1+ for /usr/local/www 
I know this only that you put the web stuff in /usr/local/www


----------



## ShelLuser (Sep 30, 2021)

As always it depends on context, there really isn't a "best" solution here.

For a server you could opt for moving it into the homedirectory of users so that it'll be easier for them to access and easier for the administration to safeguard ("backup") said data.

For personal use you could consider the same approach, or perhaps use the default of /usr/local/www. Of course this could be considered a minor security concern because if you're using default locations and/or settings you're _also_ providing possible attackers with some basic options to try out. For example: pretty much everyone knows about /tmp and thus attackers often try to dump their scripts there in order to try and exploit local root glitches. Obvious solution: don't use /tmp or make sure it doesn't allow file execution.

But I digress.

In the end anything will do, as long as you don't start messing things up by using obviously bizarre locations such as, for example, /usr/src/www or such. When in doubt I often resort to  a location in /opt to move things outside of the regular hierarchy, I also often use this to store my jails.

Your milage may vary of course.

Hope this can give you some ideas.


----------



## mer (Sep 30, 2021)

If your system is using ZFS, create a new dataset to hold it.  Sets you up for good security  practices and backing up the data.


----------



## Tieks (Oct 3, 2021)

ShelLuser said:


> When in doubt I often resort to a location in /opt


Where in hier(7) can we find /opt? Used to Linux?




mer said:


> If your system is using ZFS, create a new dataset to hold it. Sets you up for good security practices and backing up the data.

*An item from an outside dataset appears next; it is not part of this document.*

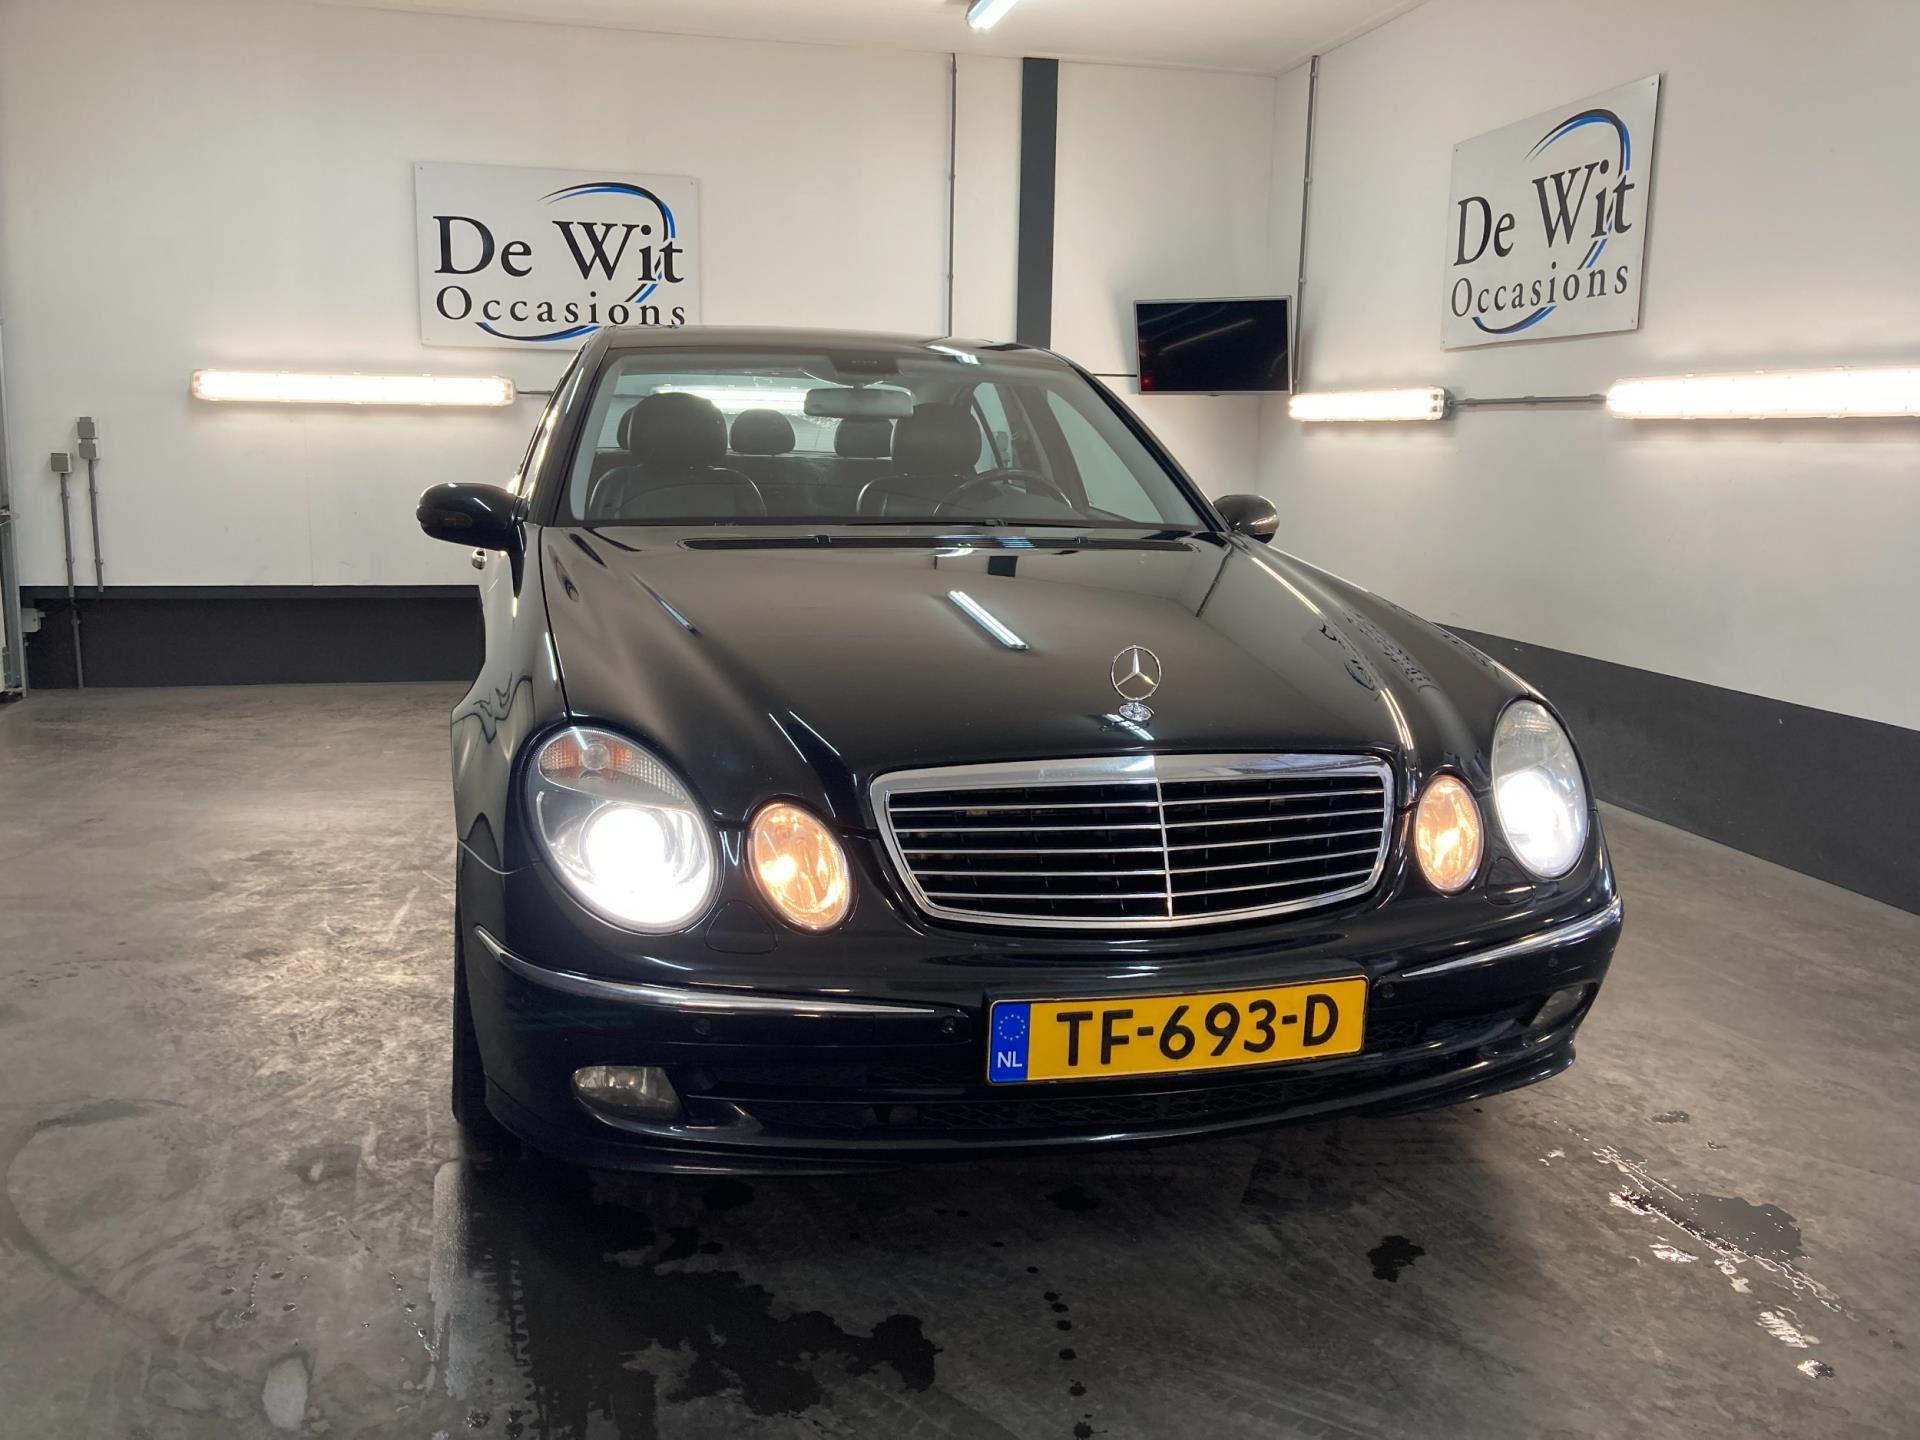 Mercedes-Benz E-klasse occasion - De Wit Occasions

Exactly. Security is especially important here because PHP/Wordpress will be targeted by script kids. You can find a recent example of it here. Make sure you pay attention to file permissions and use non-standard directory names whenever possible. Most of all, keep your software up-to-date. Scripted attacks mostly use known vulnerabilities, with up-to-date software you don't have to worry.


----------



## msplsh (Oct 3, 2021)

/var/www and /var/apache2 are also terrible options I have seen as defaults.

/usr/local/www is pretty good, but if you do the ZFS dataset thing, I did some poking about and the suggestion was to mount it in /media


----------



## ShelLuser (Oct 4, 2021)

Tieks said:


> Where in hier(7) can we find /opt? Used to Linux?


Nope, Sun Solaris. Learn your basics


----------